What you have to do => A faithful retyping of every entry below is wanted, with images left out.

Extracted entries =>
────────────────────
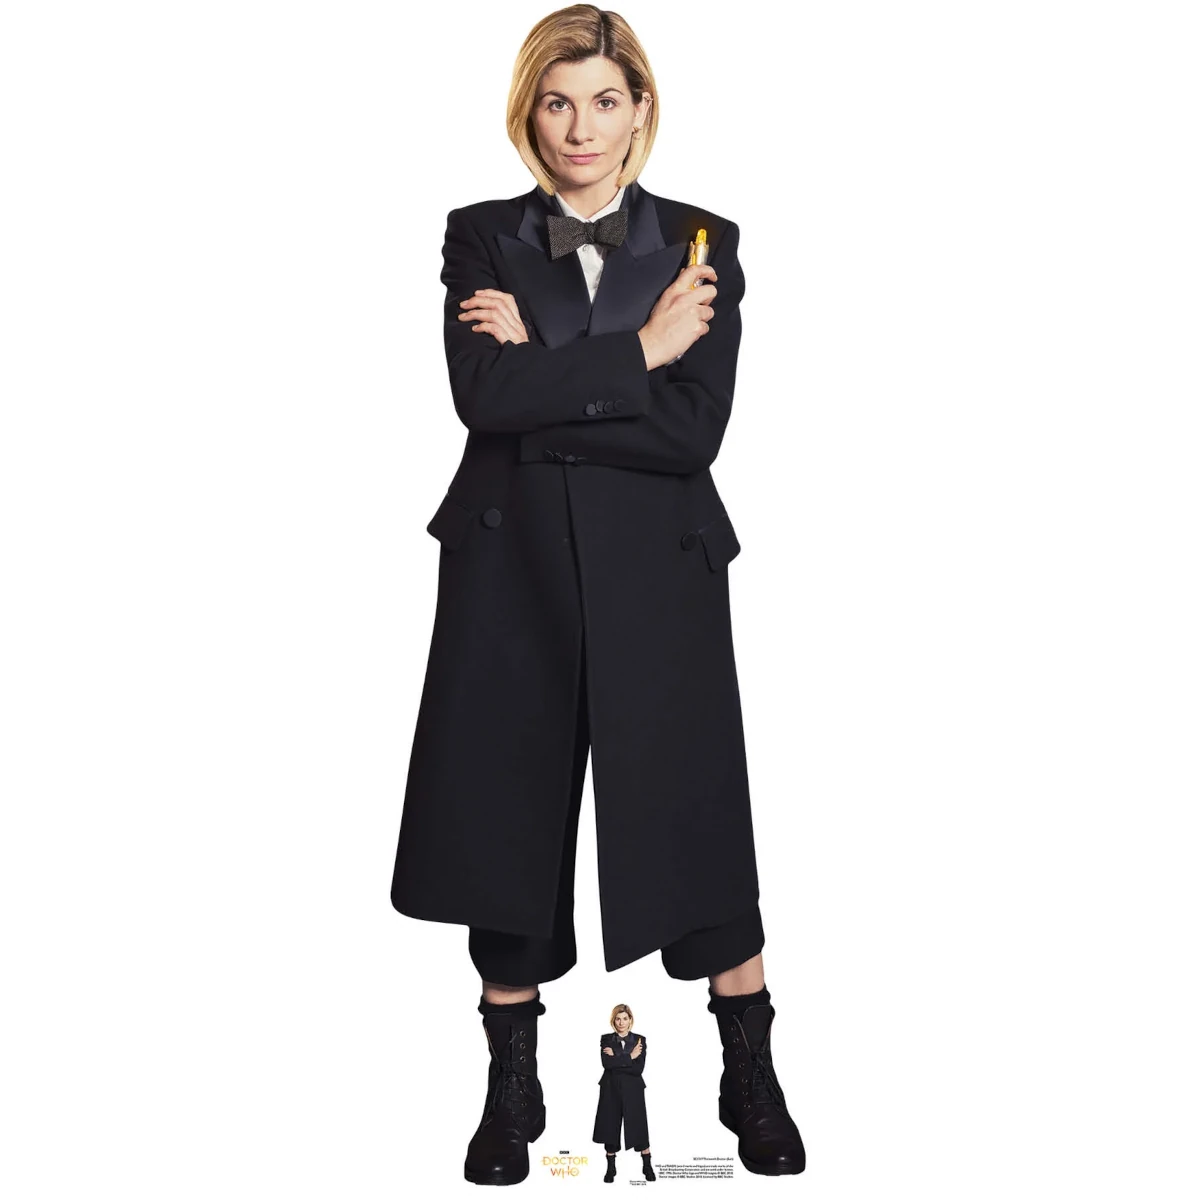 SC1517 The Thirteenth Doctor 'Jodie Whittaker' (Doctor Who) Lifesize + Mini Cardboard Cutout Standee Front
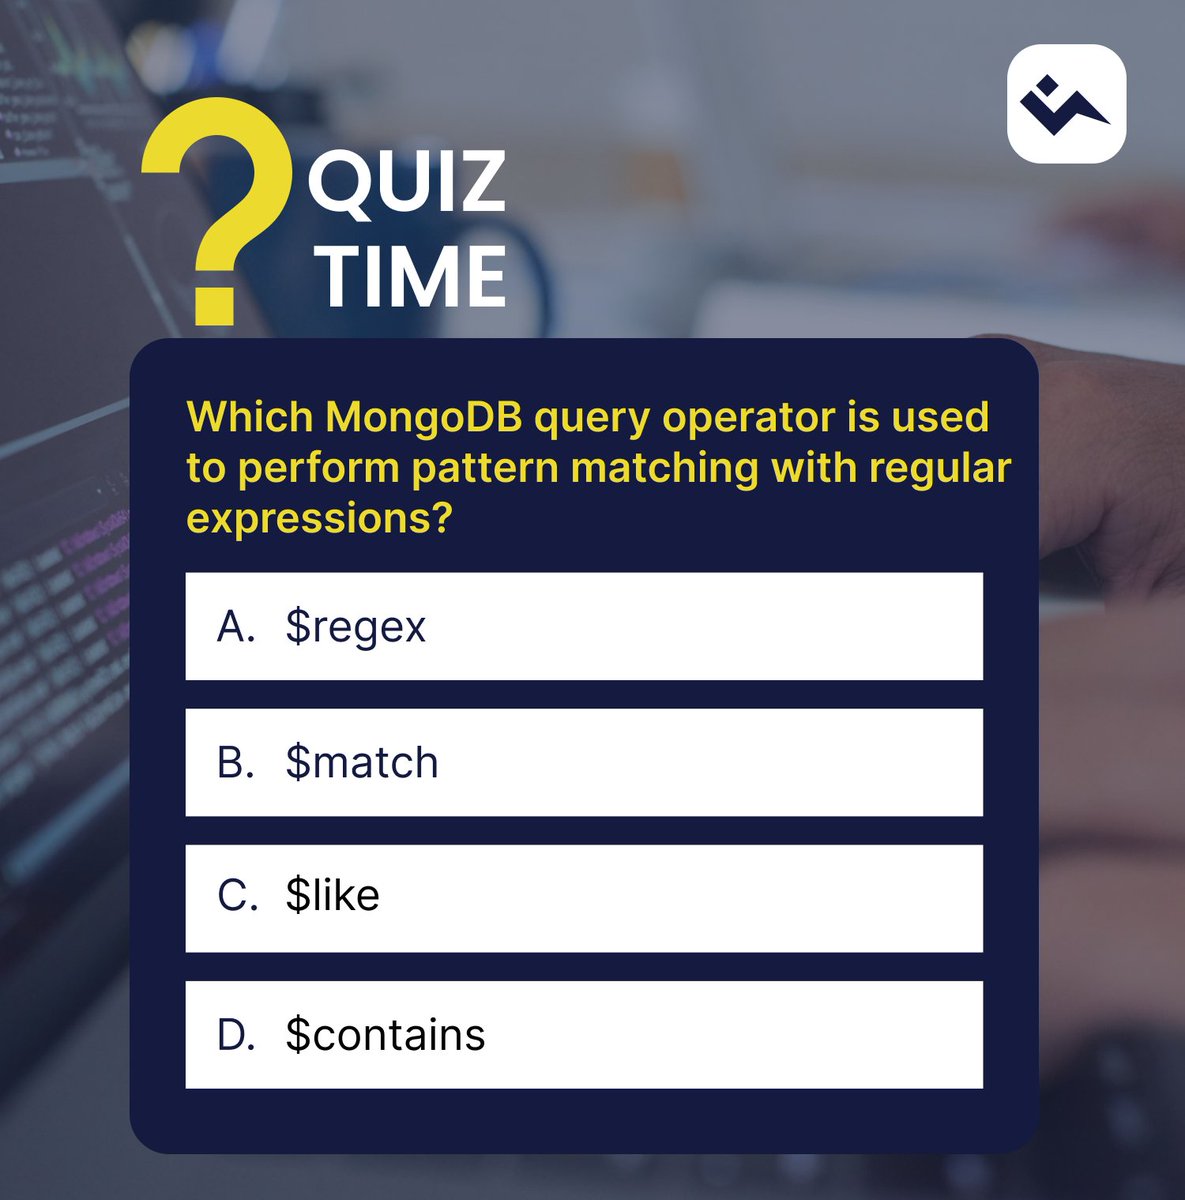 Time for some MongoDB knowledge! 🧠 Which query operator enables pattern matching with regular expressions?
A) $regex
B) $match
C) $like
D) $contains

#mongodbquiz #patternmatching #databasetrivia #codingchallenge #techknowledge #programmingtrivia #mongodb #regex
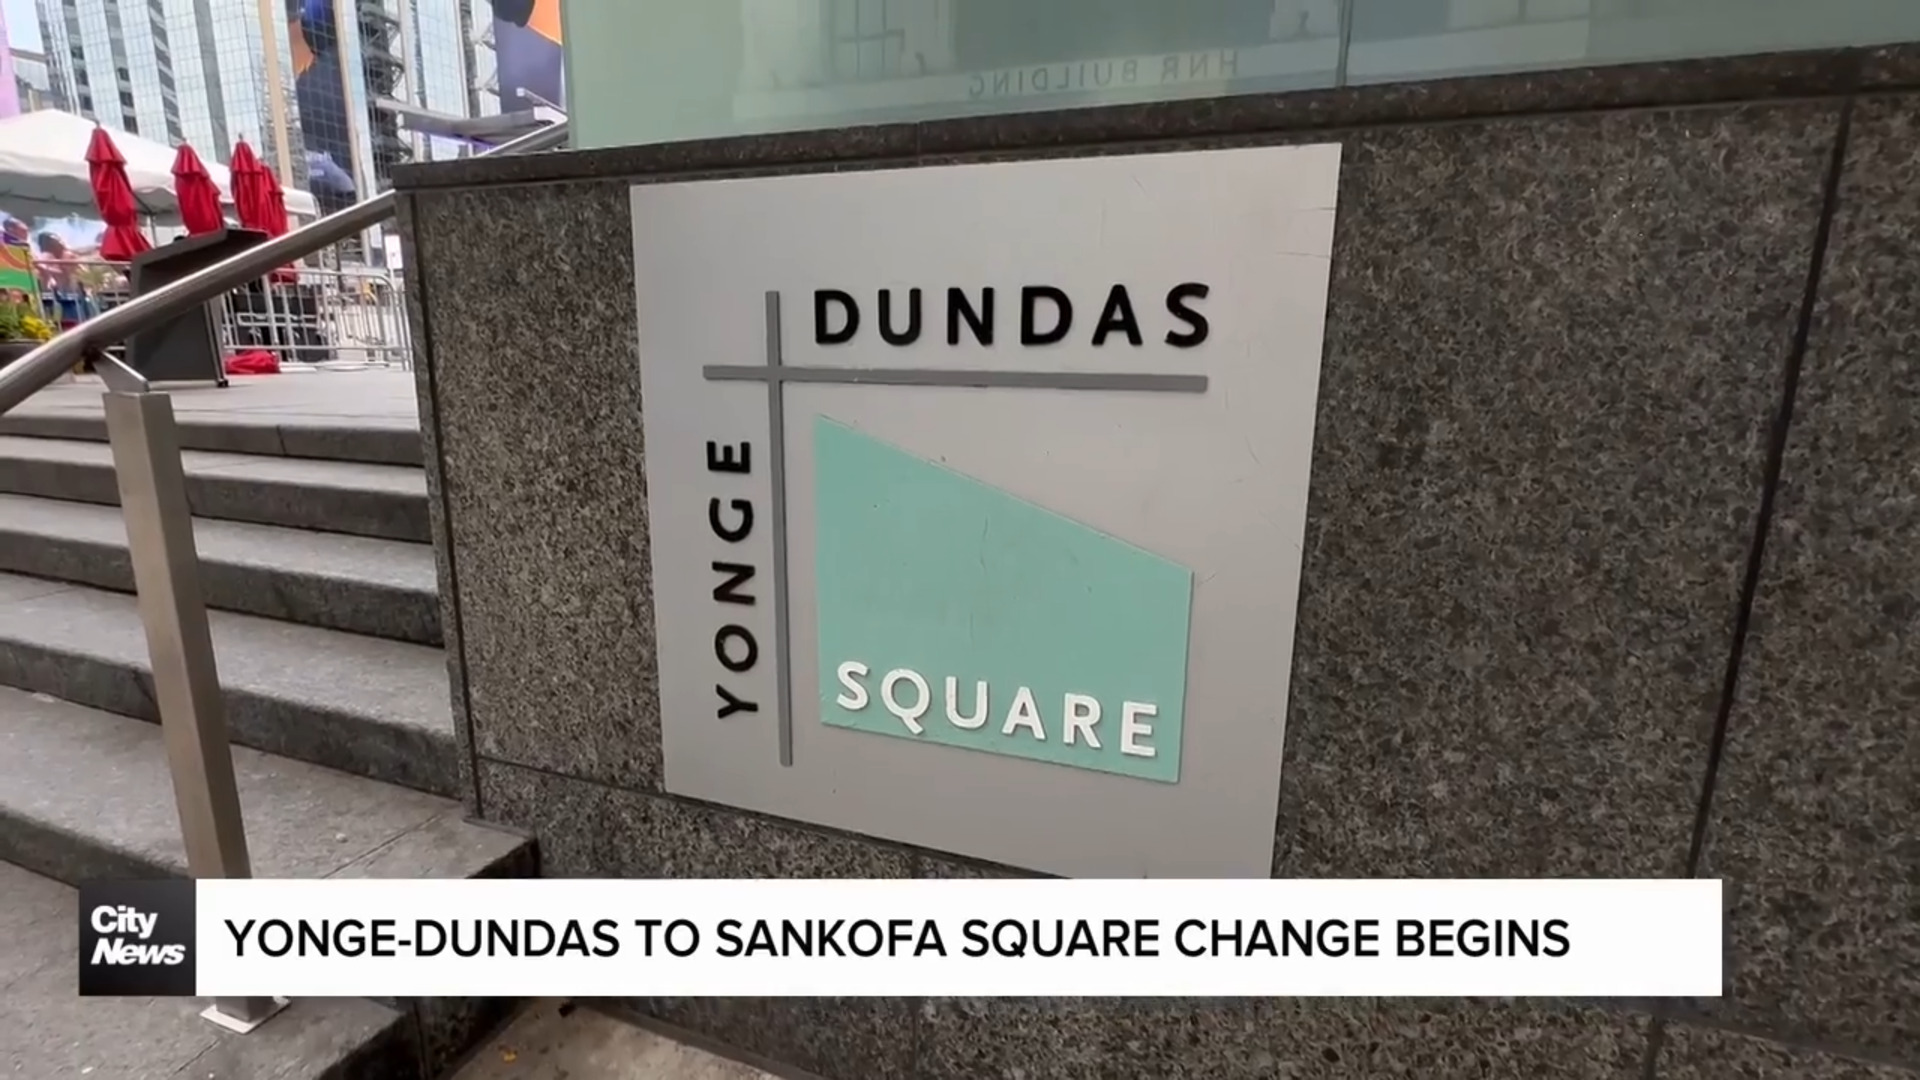 Transformation from Yonge-Dundas to Sankofa Square begins with signage
────────────────────
Reply to the exercise =>
 SC1517 The Thirteenth Doctor 'Jodie Whittaker' (Doctor Who) Lifesize + Mini Cardboard Cutout Standee Front
 Time for some MongoDB knowledge! 🧠 Which query operator enables pattern matching with regular expressions?
A) $regex
B) $match
C) $like
D) $contains

#mongodbquiz #patternmatching #databasetrivia #codingchallenge #techknowledge #programmingtrivia #mongodb #regex
 Transformation from Yonge-Dundas to Sankofa Square begins with signage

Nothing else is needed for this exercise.